(Requirement) Could you output exactly the lines running from the one containing "Peaking into a" to the final line of the listing below, leaving out pictures?

(Raw data)
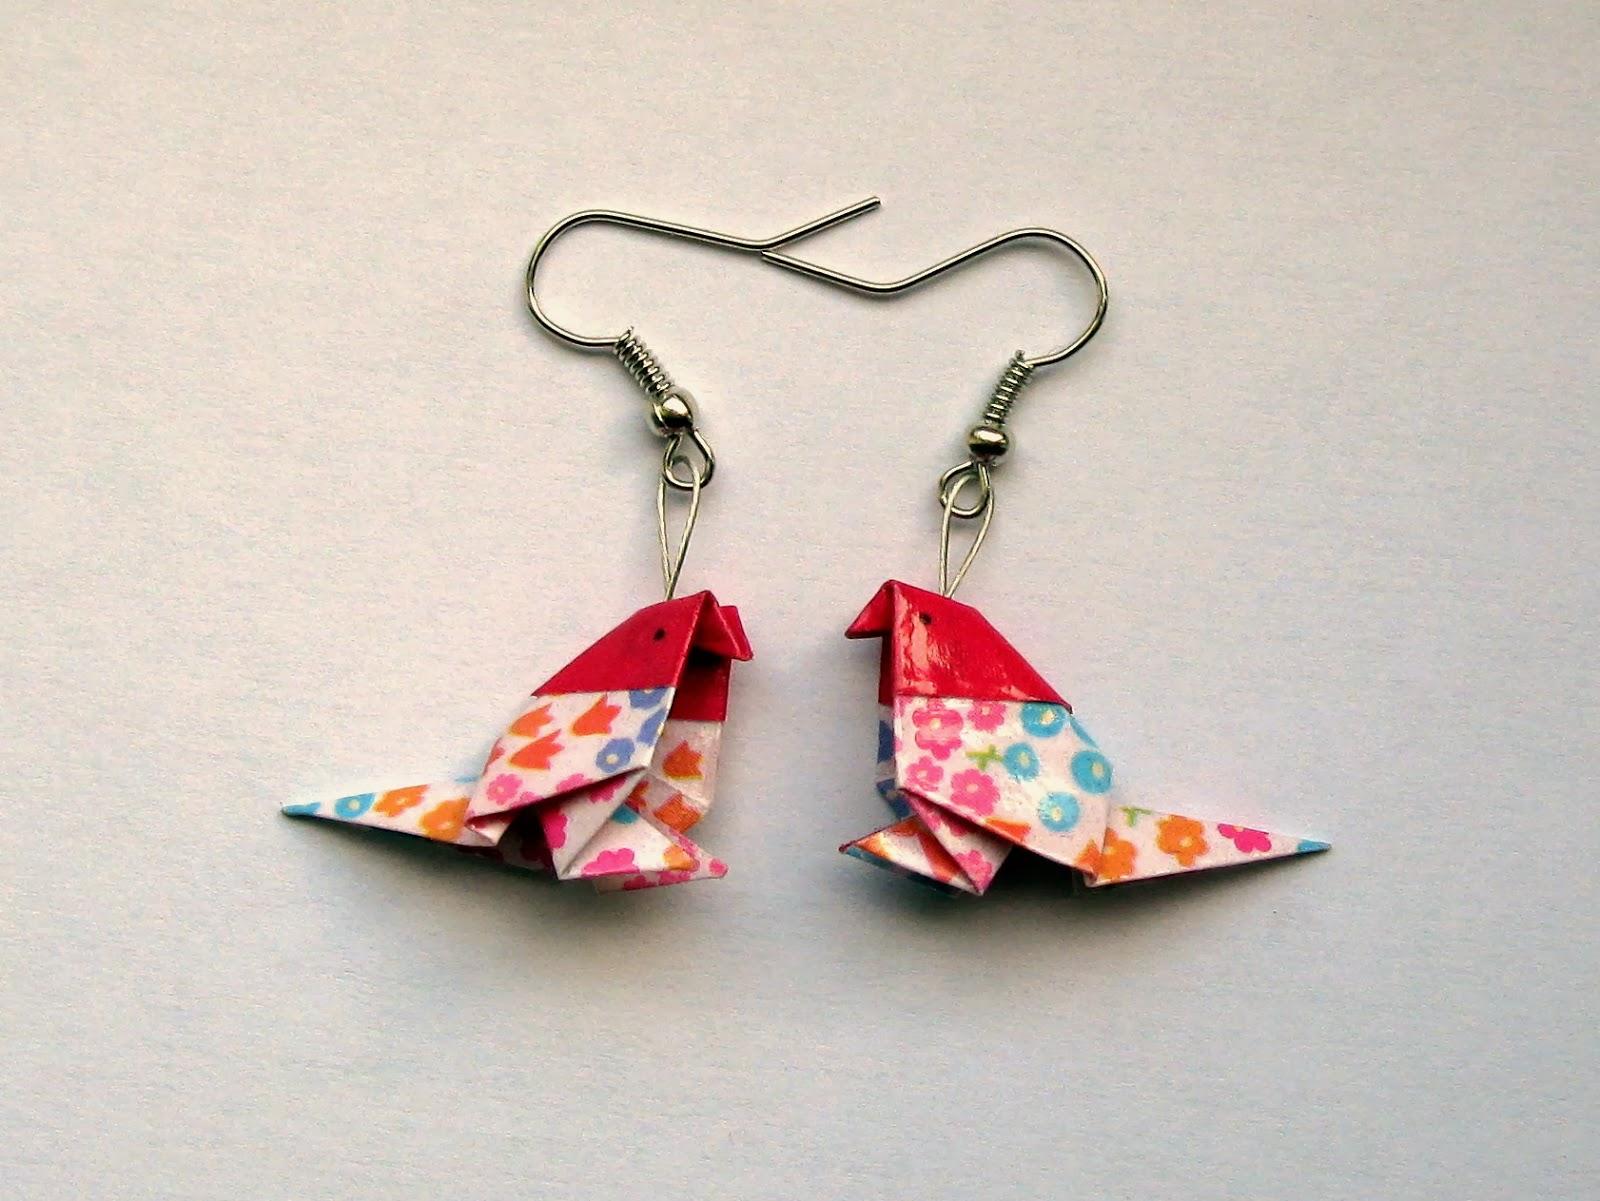 http://www.alittlemarket.com/boucles-d-oreille/boucles_d_oreille_origami_oiseau_fuchsia_blanc_multicolore-6758265.html
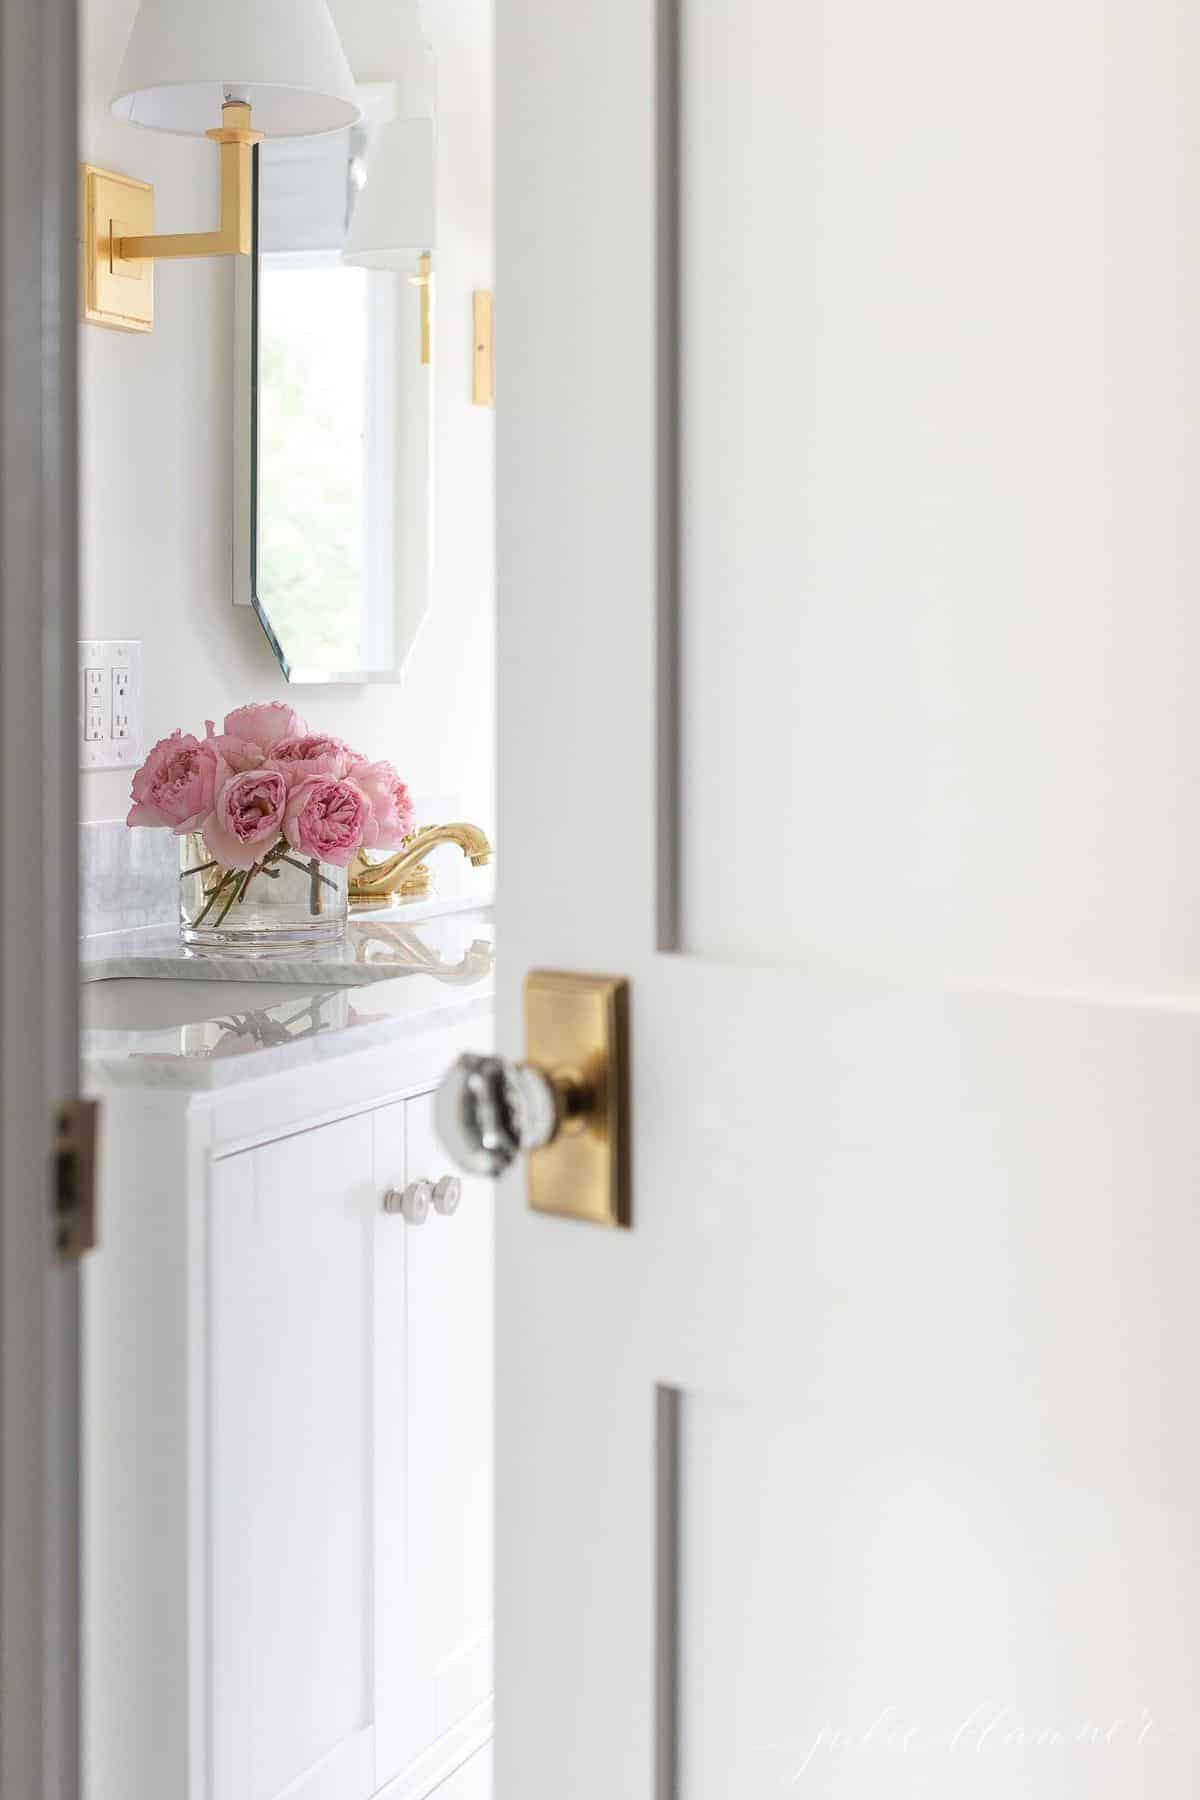 Peaking into a white bathroom past a door that's ajar. #spatub #airtub #showerniche
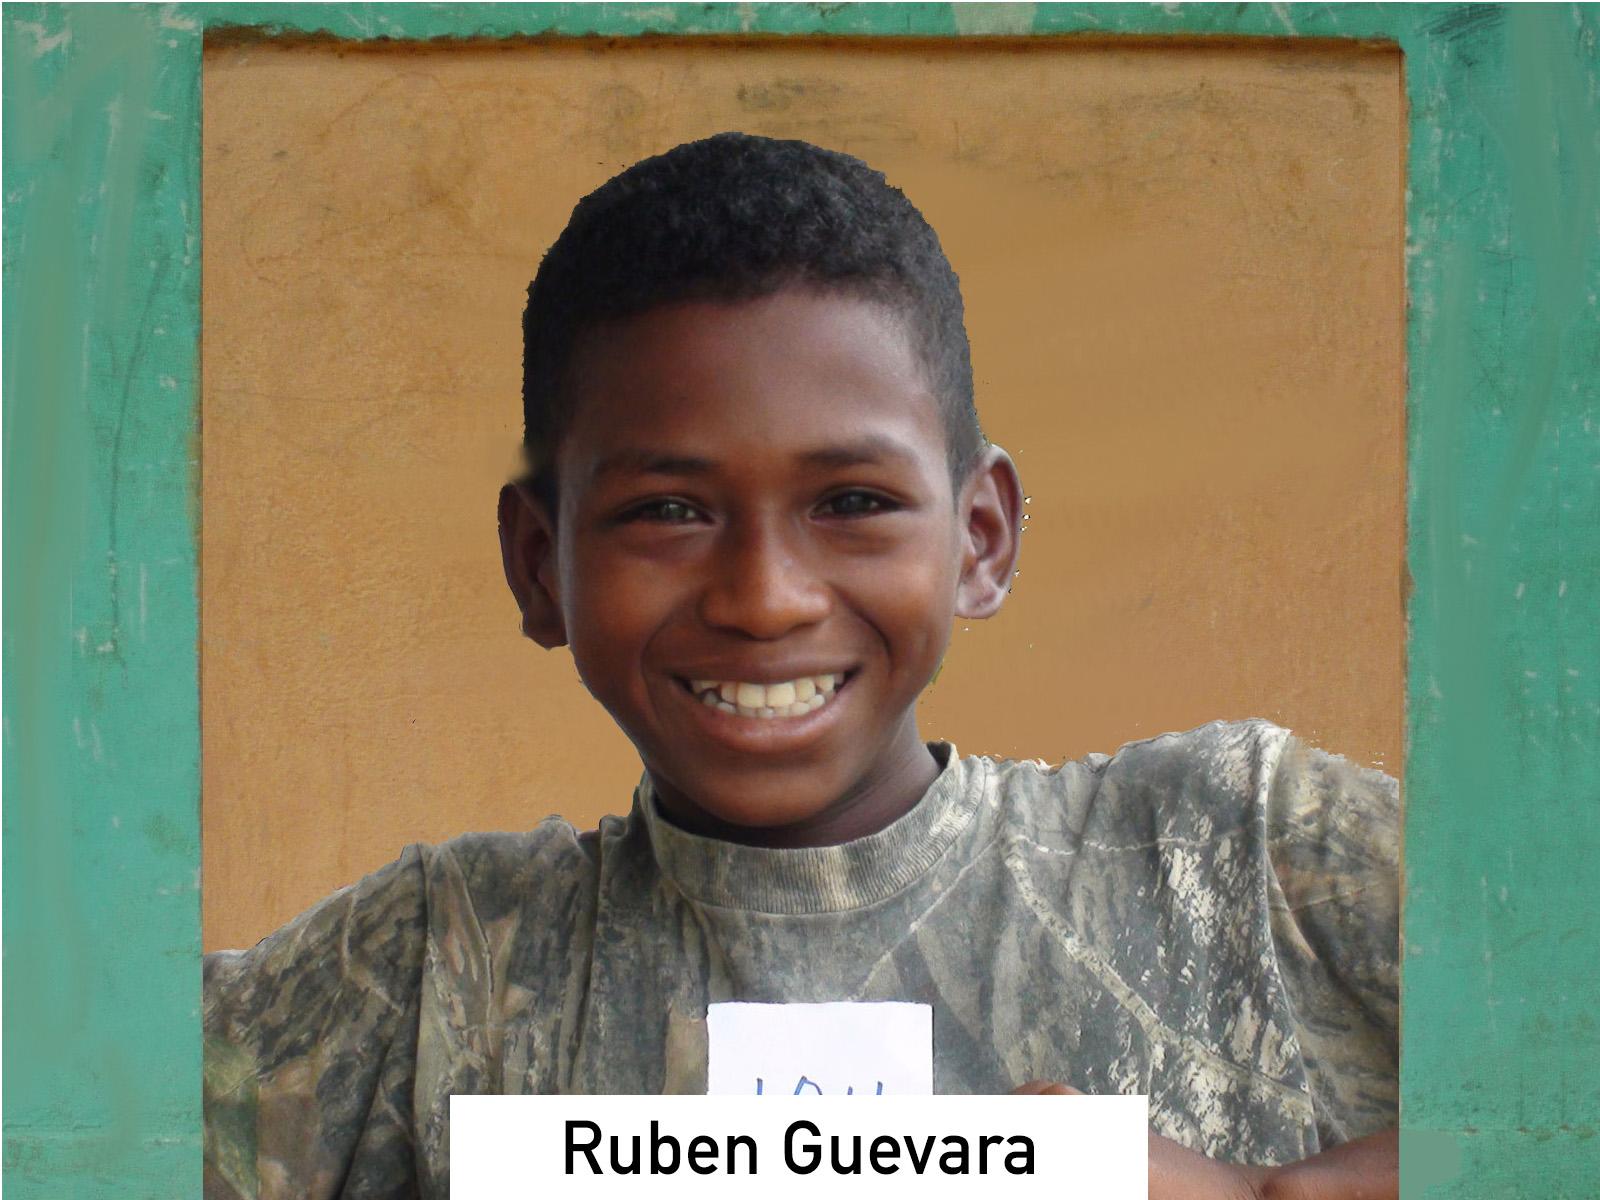 104 - Ruben Guevara.jpg

(Response box)
 Peaking into a white bathroom past a door that's ajar. #spatub #airtub #showerniche
 104 - Ruben Guevara.jpg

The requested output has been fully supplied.